I won’t attempt to tackle the nuances of every track on offer here, as there are 62 of them, and I would end up writing a book rather than a review. It is sufficient to say that the first 10 tracks are credited to The Lovecraft Country Cast, The Lovecraft Country Band or, in the case of 'Bésame Mucho', Julian Sung Joo. This Mexican-style Latino piece is pretty good and, along with the instrumental 'Lovin’ Machine', is the best of this first batch. Don’t get me wrong, Wunmi Mosaku has a half-decent voice but this recent tendency to get cast members to sing cover-songs for the soundtrack doesn’t really work. Nevertheless, this one does succeed to a greater degree than on the soundtrack to Lucifer.

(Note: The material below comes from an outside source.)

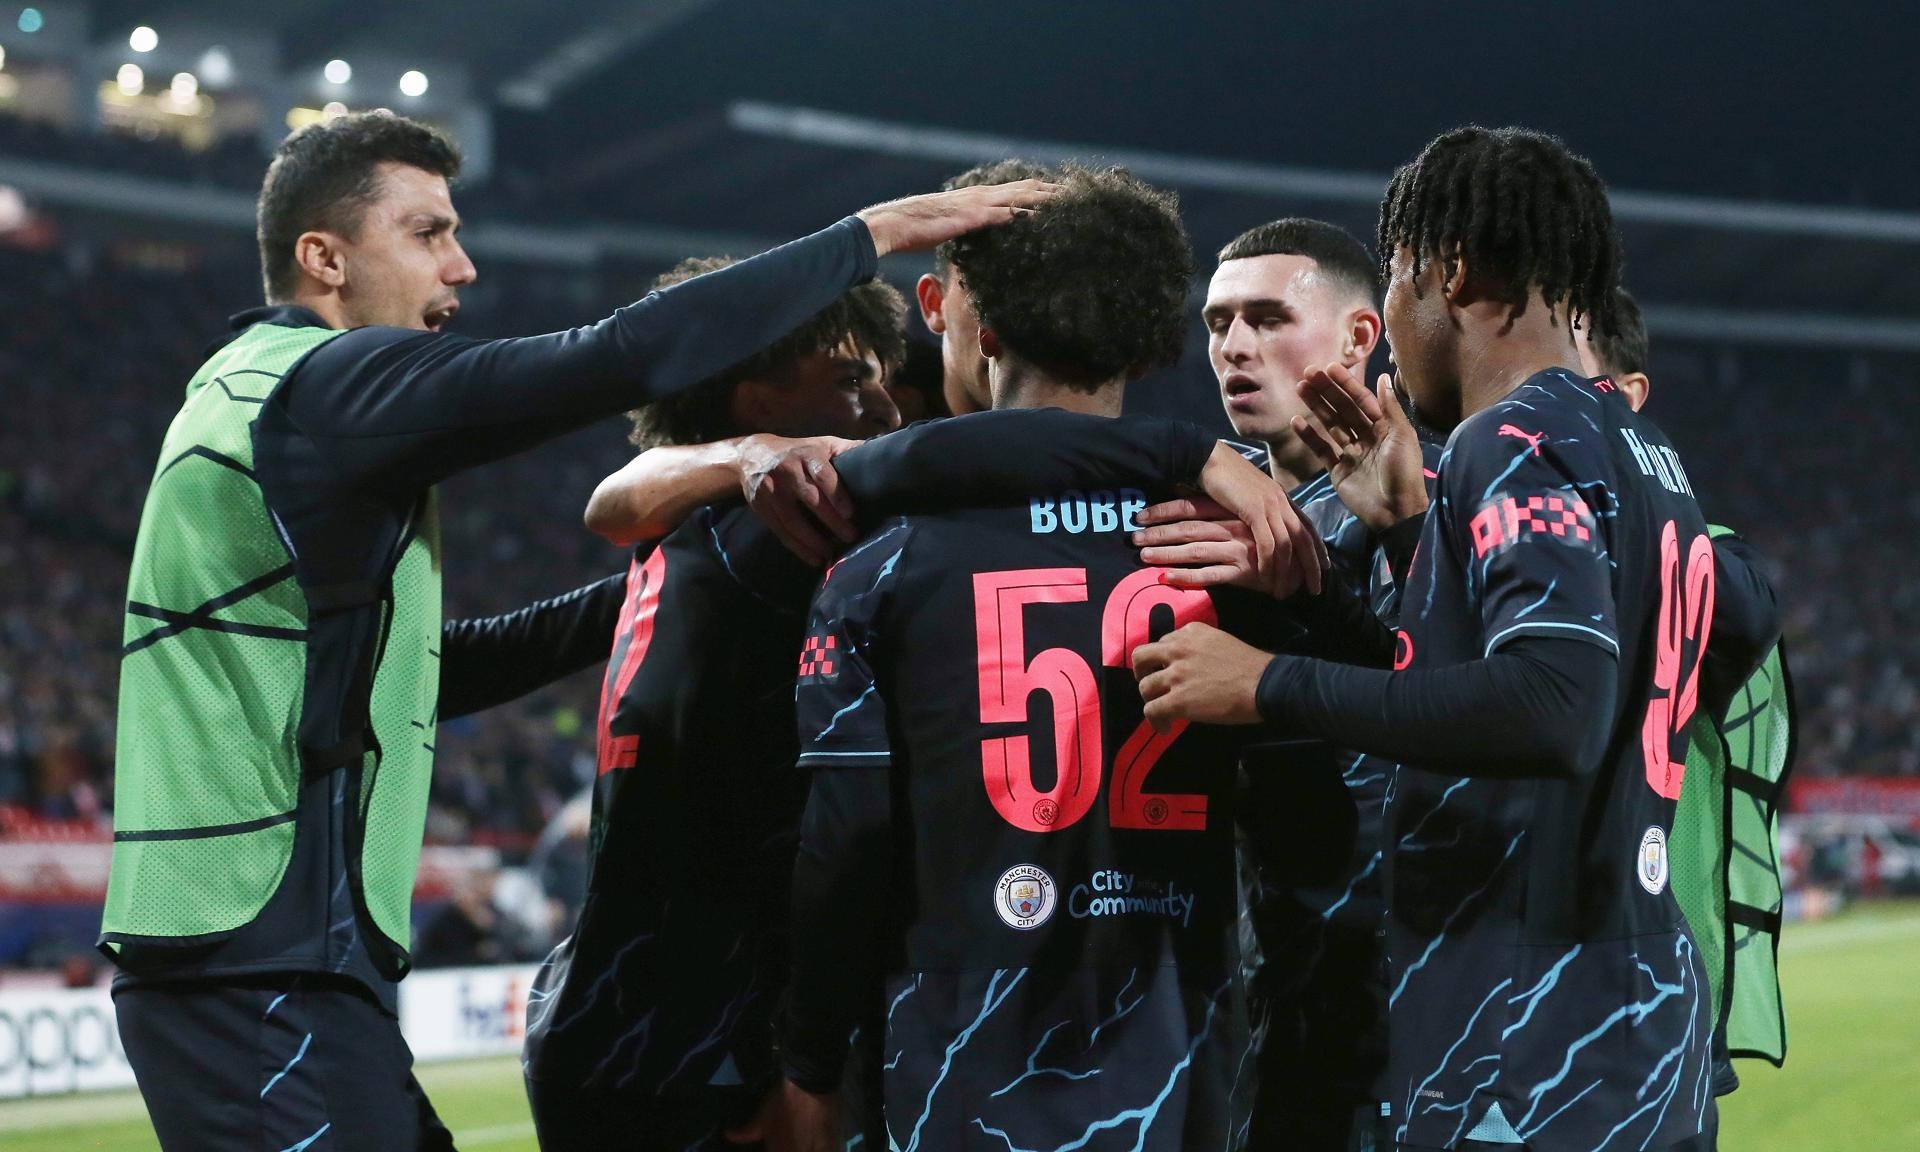 El Manchester City completó el pleno en la fase de grupos con un sufrido triunfo ante el Estrella Roja. Los canteranos 'citizen' sacaron el partido hacia adelante.

Now, onto the rest of the score, which is the meat on the bones I’m most interested in. The remaining tracks are listed in order of episode, with anything from two pieces (Whitey’s on the Moon) to 13 (A History of Violence) representing each instalment. I really expected to love this collection. I’m a huge admirer of the literary works of H.P. Lovecraft, and assumed that the music would be eerie and otherworldly enough to fit the master wordsmith and his very distinct Elder Gods (including The Cthulhu Mythos), inducing sights and experiences which bring characters to the edge of madness and beyond. In the same way it has proved extremely difficult to sufficiently adapt his words and situations to the big screen with any real conviction, similarly, the precise fitting music proves elusive. There is nothing aesthetically wrong with this score; it’s simply that it conforms to standard horror tropes. 'Ardham' from the episode Sundown is intriguing and suspenseful; 'Sundown Town' has horror movie edginess; 'Shoggoth Attack' has a chase-like eerie bugle and percussion; 'Museum Break-in' from A History of Violence has good use of cello and woodwind; 'The Pendulum' wrings-out some tension; and 'Mummy Transforms' uses a cacophony of noises to emulate terror. Perhaps I’m expecting too much, but it doesn’t do justice to the man in the same way that Metal band Rage did with the classic albums Black in Mind, and End of All Days.

Furthermore, the vast majority of these tracks are relatively short. It would have been great to have had some much longer suites to showcase the undoubted ability of the composers, and to obtain a fuller understanding of the direction and atmosphere of each piece.